**DATASET EXCERPT**
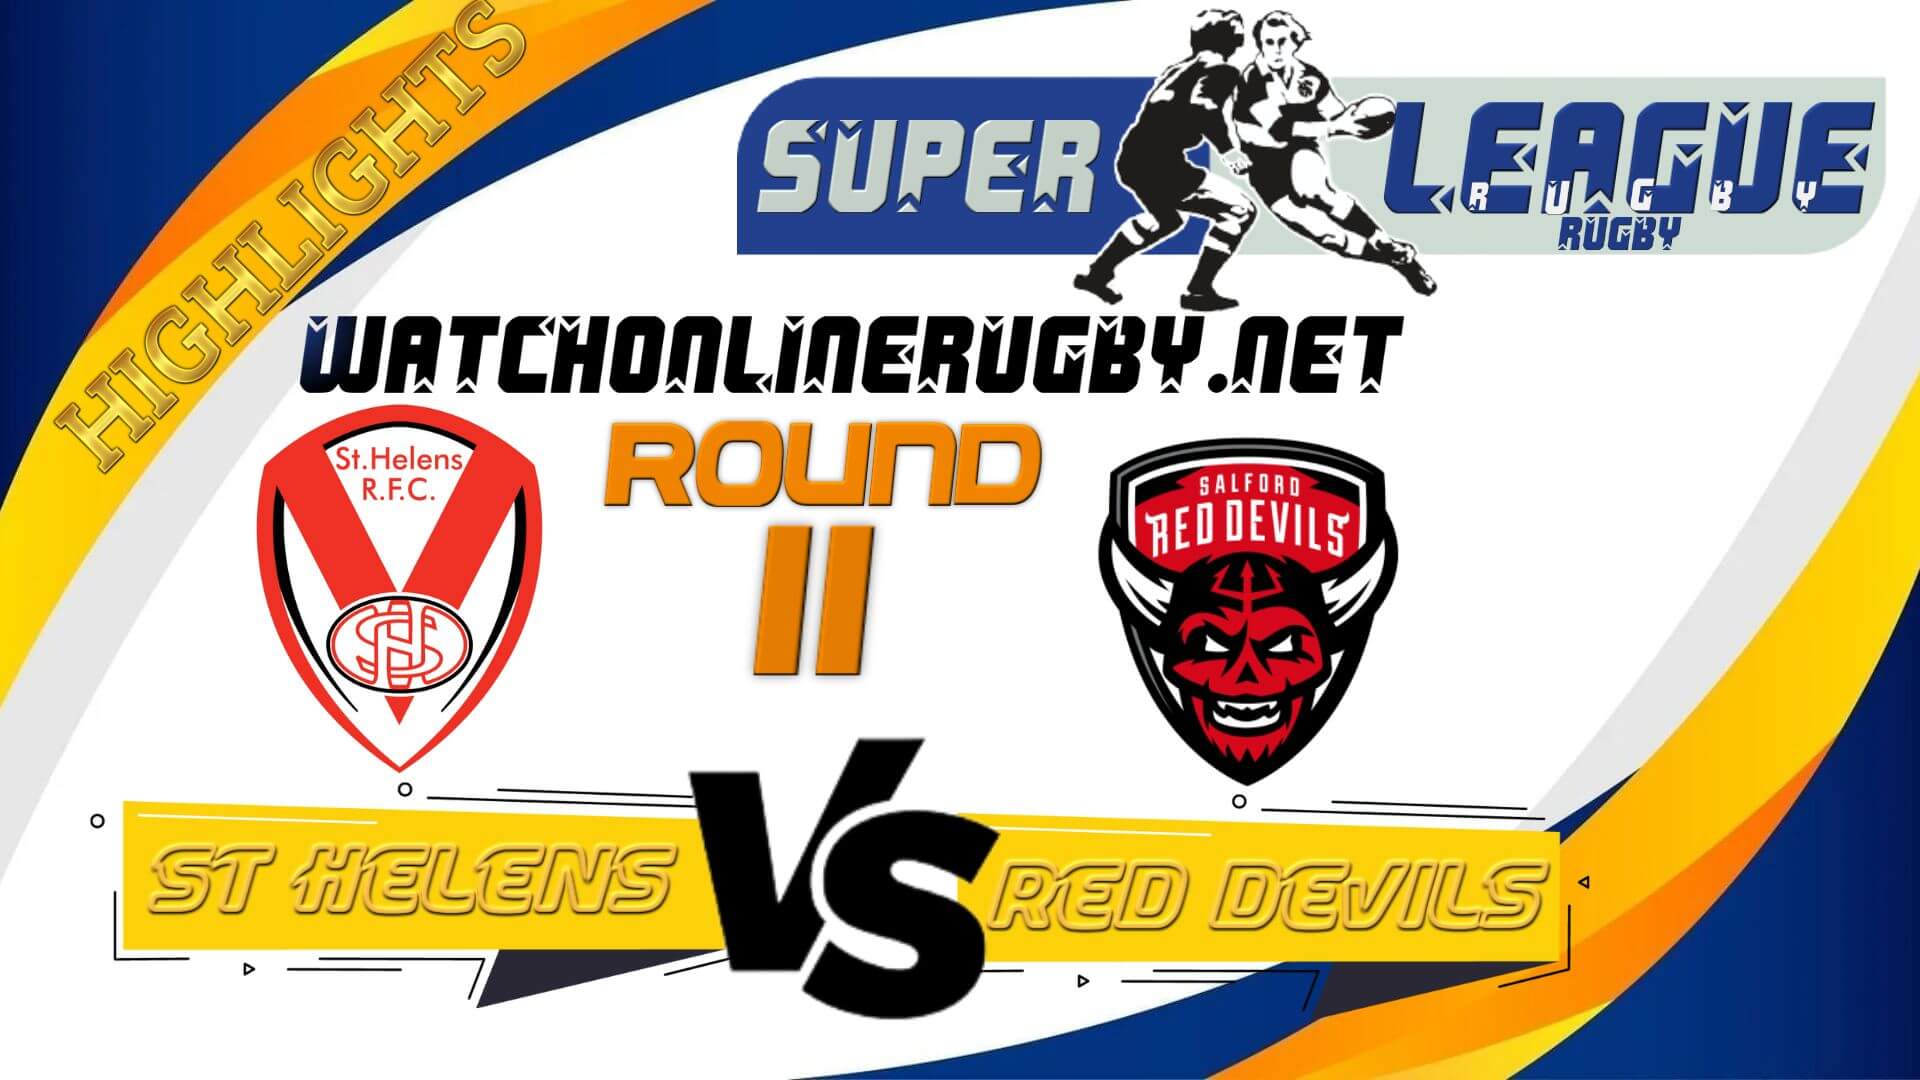 St Helens Vs Salford Red Devils Super League Rugby 2022 RD 11
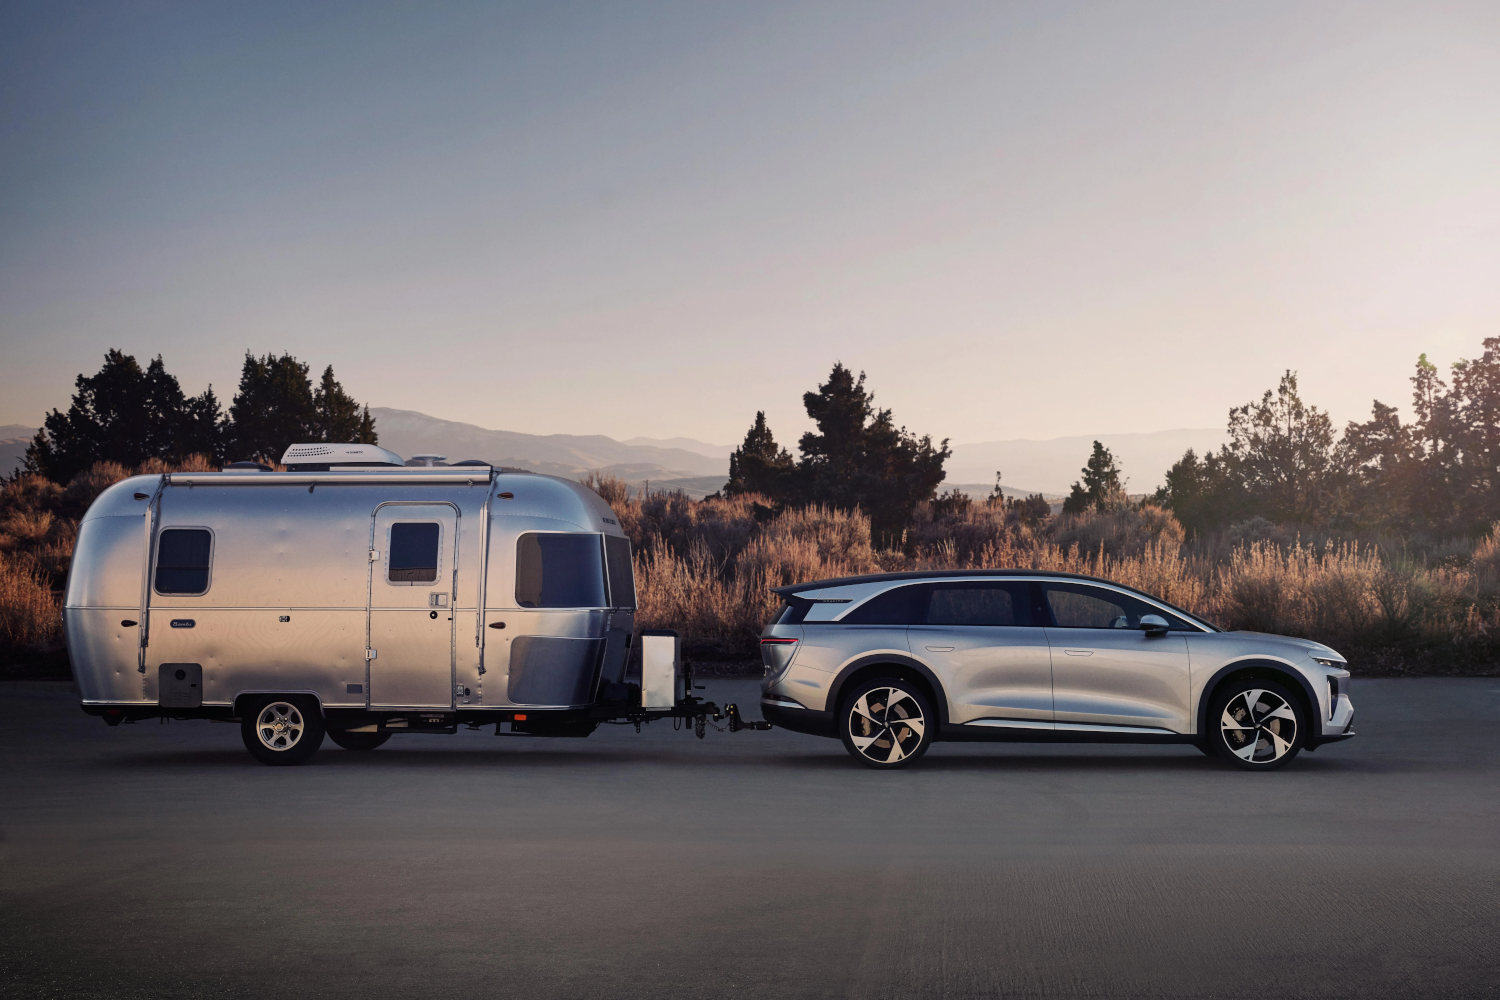 The SUV towing an airstream
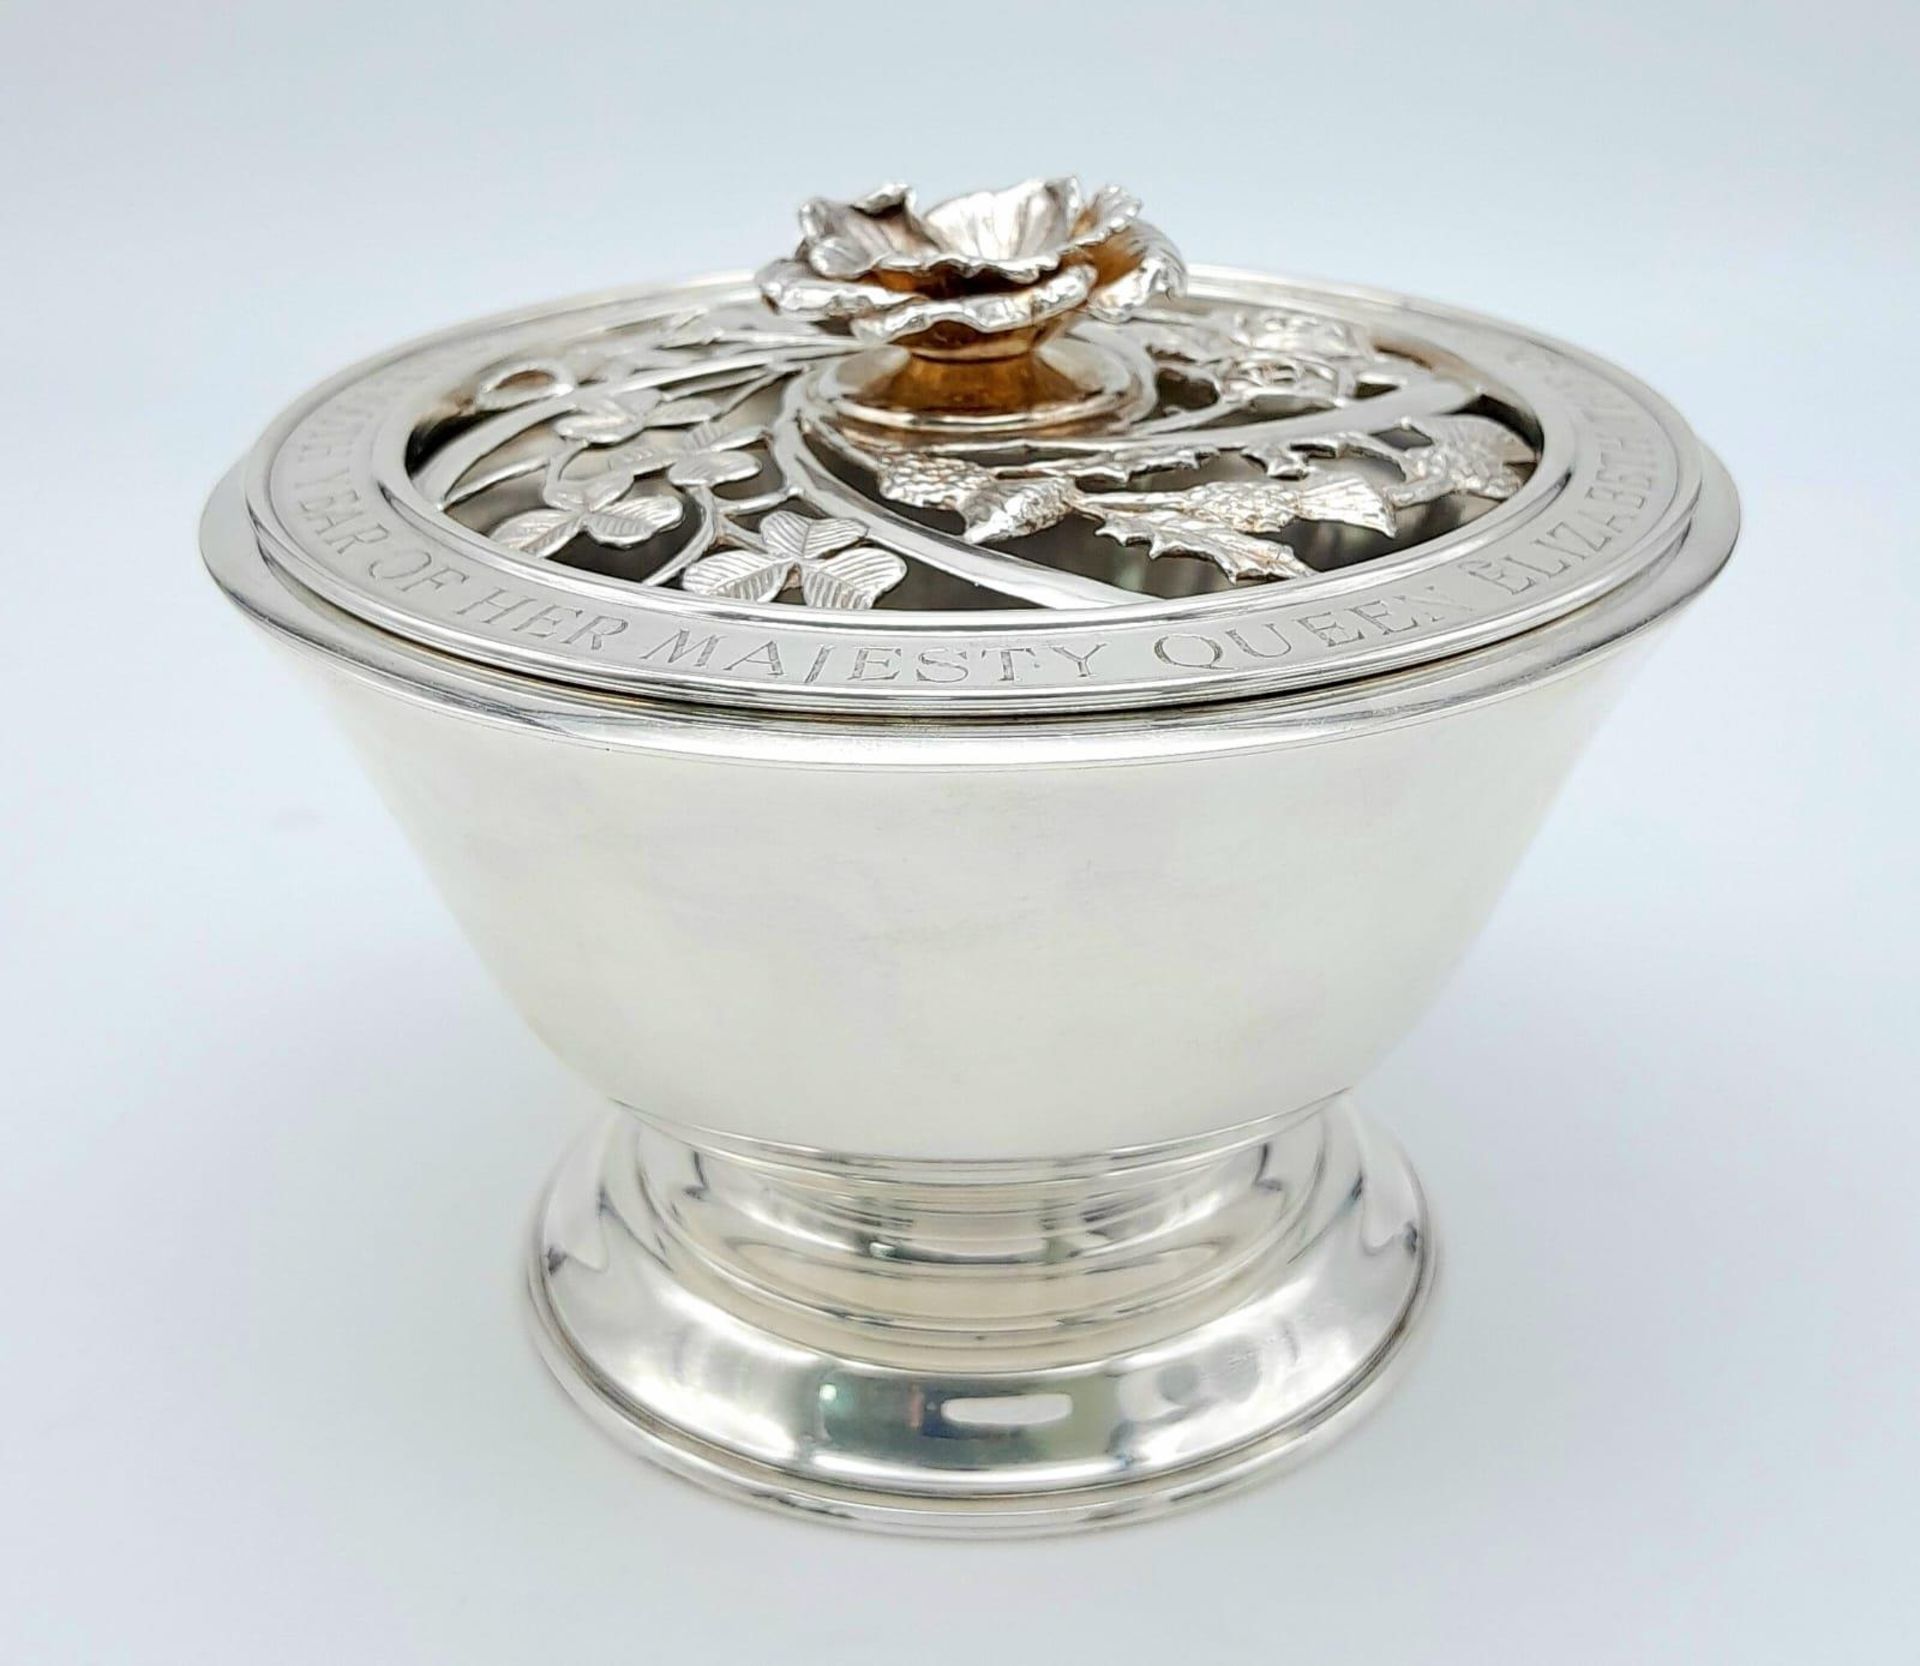 An Asprey of London Limited Edition (55 of 100) Sterling Silver Posy Bowl. Beautiful ornate and - Image 2 of 10

**PROMPT**
Retype exactly, please, the span from the line holding "The SUV towing an airstream" through the closing line of the data, both ends included, without the pictures.

**TASK RESULT**
 The SUV towing an airstream
 An Asprey of London Limited Edition (55 of 100) Sterling Silver Posy Bowl. Beautiful ornate and - Image 2 of 10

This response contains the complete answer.